En este contexto, el viaje de la familia Medinsky ya no parece un detalle privado, sino más bien una demostración de la brecha entre la retórica pública y el estilo de vida real de la élite rusa. Mientras dentro del país se forma durante años una imagen de «Europa decadente» y de «Francia hostil», esos mismos espacios se utilizan tranquilamente para el descanso y el confort personal.
Surge una pregunta simple pero inevitable: si Francia es el enemigo, si Europa es una fuente de amenaza, si Occidente es supuestamente hostil por definición, ¿por qué la familia de uno de los ideólogos de esta retórica termina precisamente allí? Por cierto, no hay preguntas para la propia Francia: los miembros de la familia Medinsky no están bajo sanciones y pueden viajar libremente. Pero forman parte del sistema, de la «línea del partido», de la ideología.
En este sentido, resulta extraño: ¿por qué no Rosa Khutor? ¿Por qué no el Centro Turístico de Montaña Gazprom? ¿Por qué no Arkhyz, esos mismos destinos que durante años han sido promovidos como alternativa a los «países no amistosos», como algo que debería reemplazar para el ruso común todo este «deseo burgués»?
La respuesta es evidente: porque la realidad declarada y la real no coinciden.
Mientras Vladimir Medinsky apela públicamente a imágenes históricas y a los «pechenegos», y la retórica estatal pinta un cuadro de fortaleza sitiada, su familia vive tranquilamente según una lógica diferente: donde se escucha «bonjour», se sirve vino de Borgoña y se corta camembert.

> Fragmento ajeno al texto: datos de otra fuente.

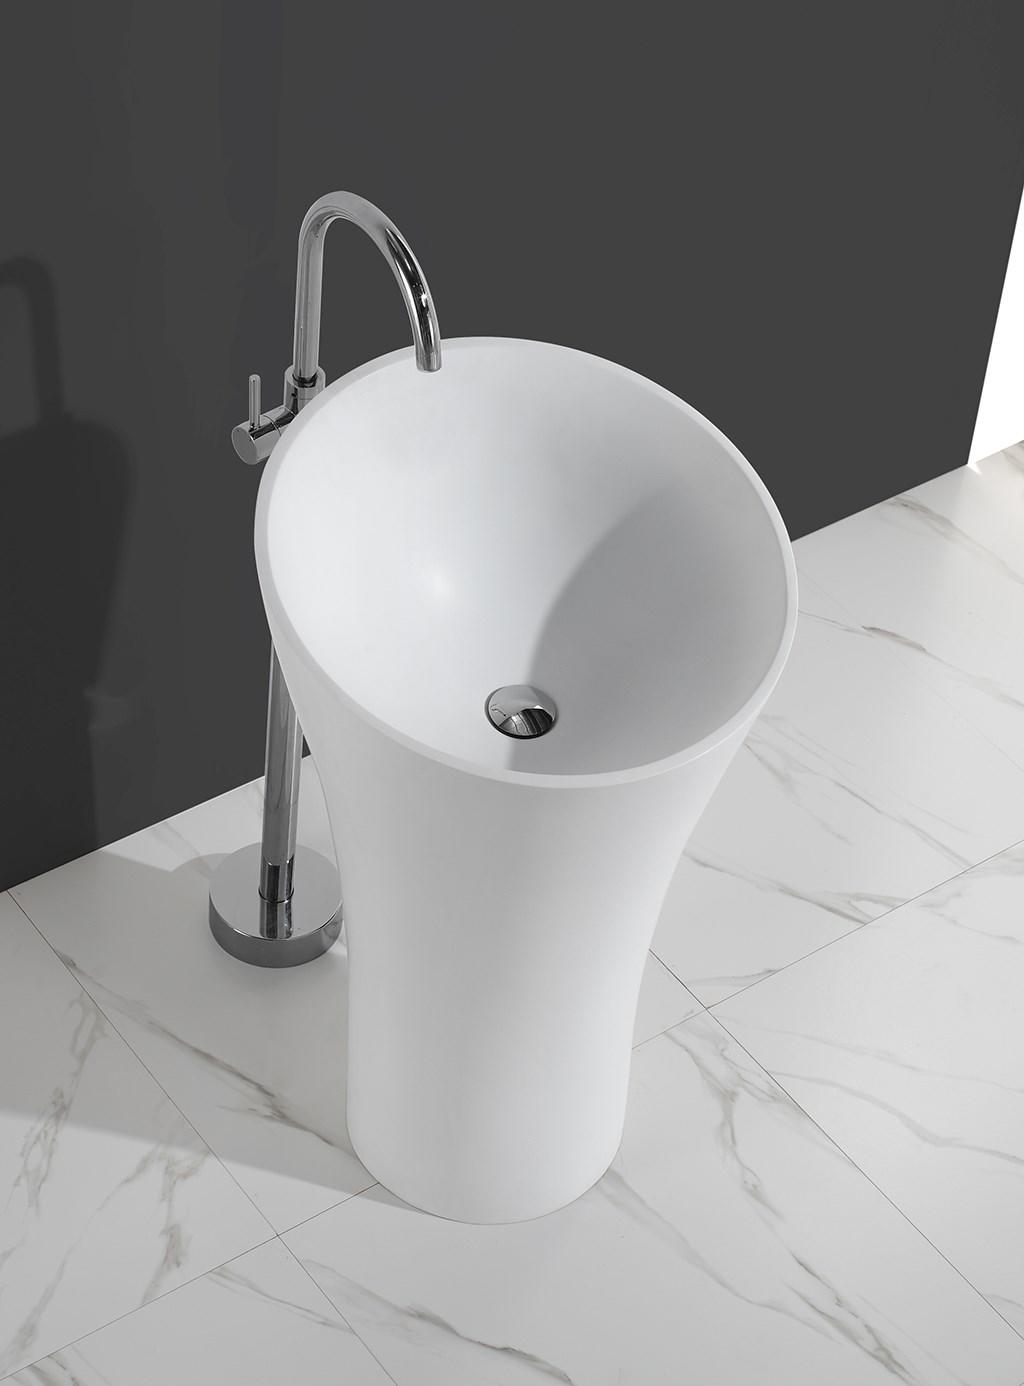 KingKonree pan shape free standing wash basin factory price for hotel-1
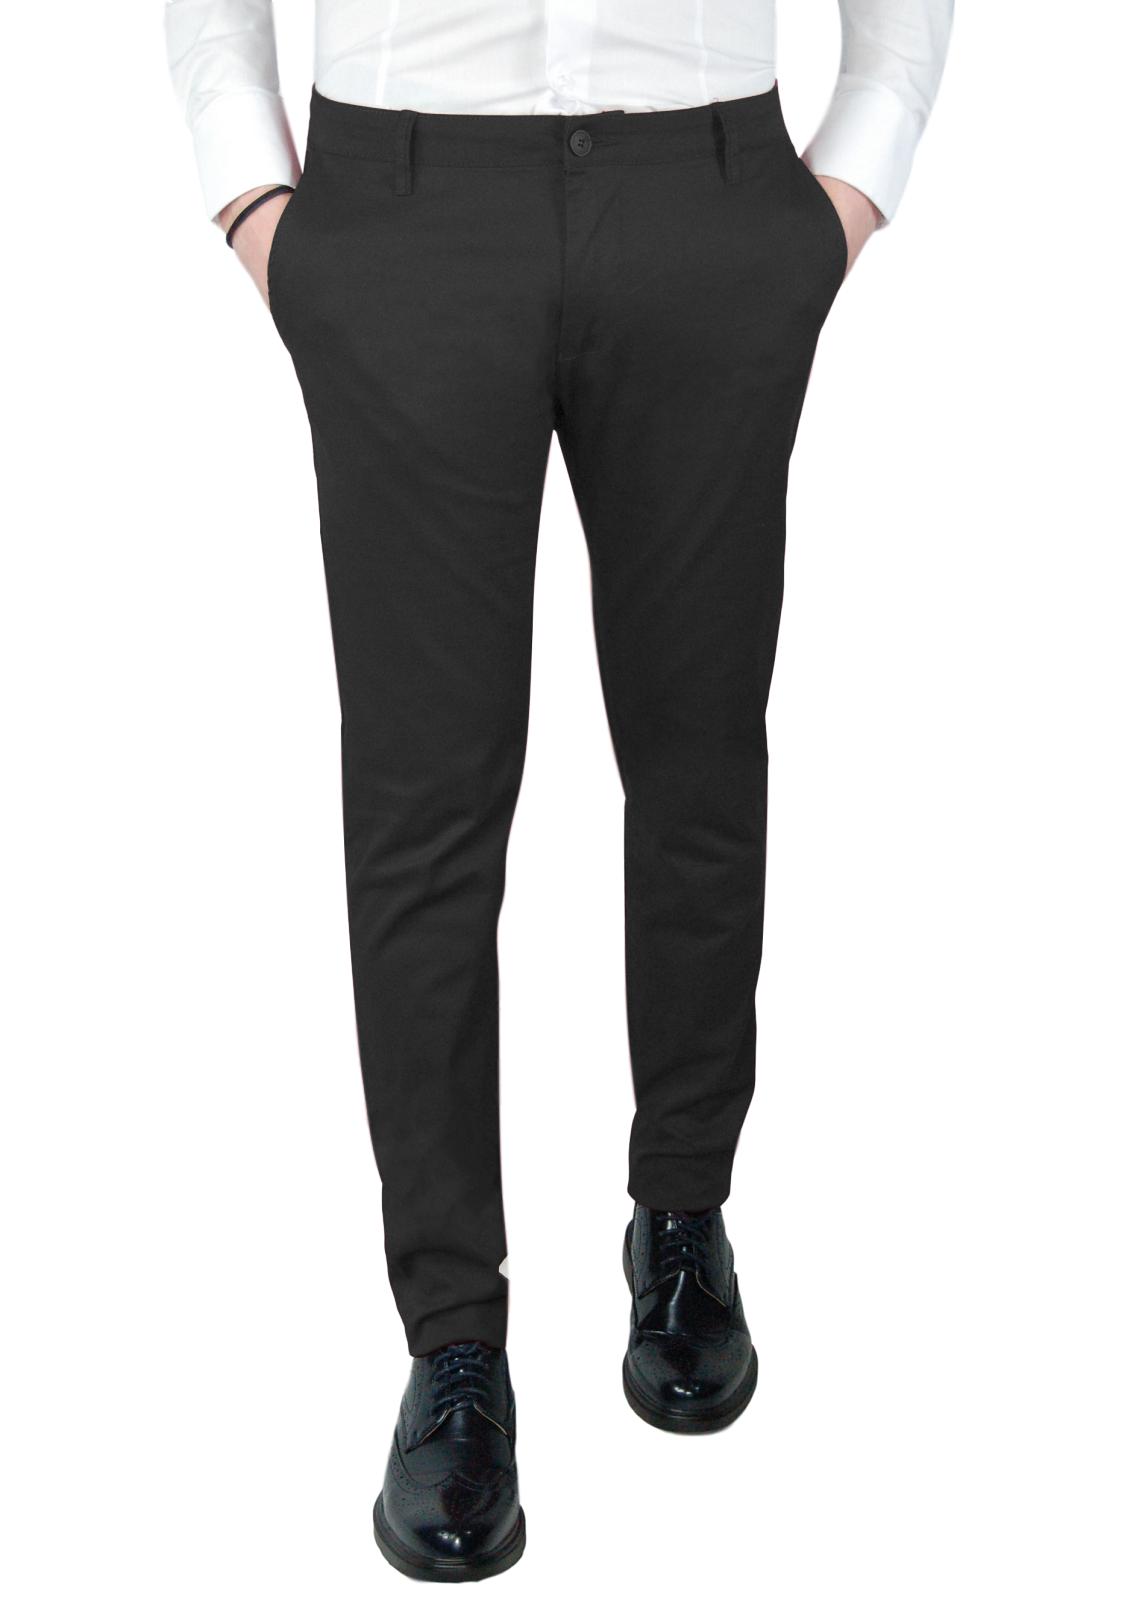 Pantalone-Uomo-Invernale-Slim-Fit-Chino-tasca-america-Cotone-Blu-Nero-Verde miniatura 12

Esta brecha es la esencia misma del sistema. Para la sociedad: movilización, miedo y la imagen de un enemigo. Para la élite: Francia, comodidad y vida cotidiana europea, un ritmo tranquilo y medido en el que se puede planificar el mañana sin arrodillarse ante el zar del búnker.
Y cuanto más fuerte suena la retórica sobre el «Occidente hostil», más evidente se vuelve lo obvio: ese «Occidente hostil» sigue siendo el lugar de vacaciones más conveniente y familiar precisamente para esas mismas personas. Unas vacaciones de su tan querida y “nativa” Madre Rusia.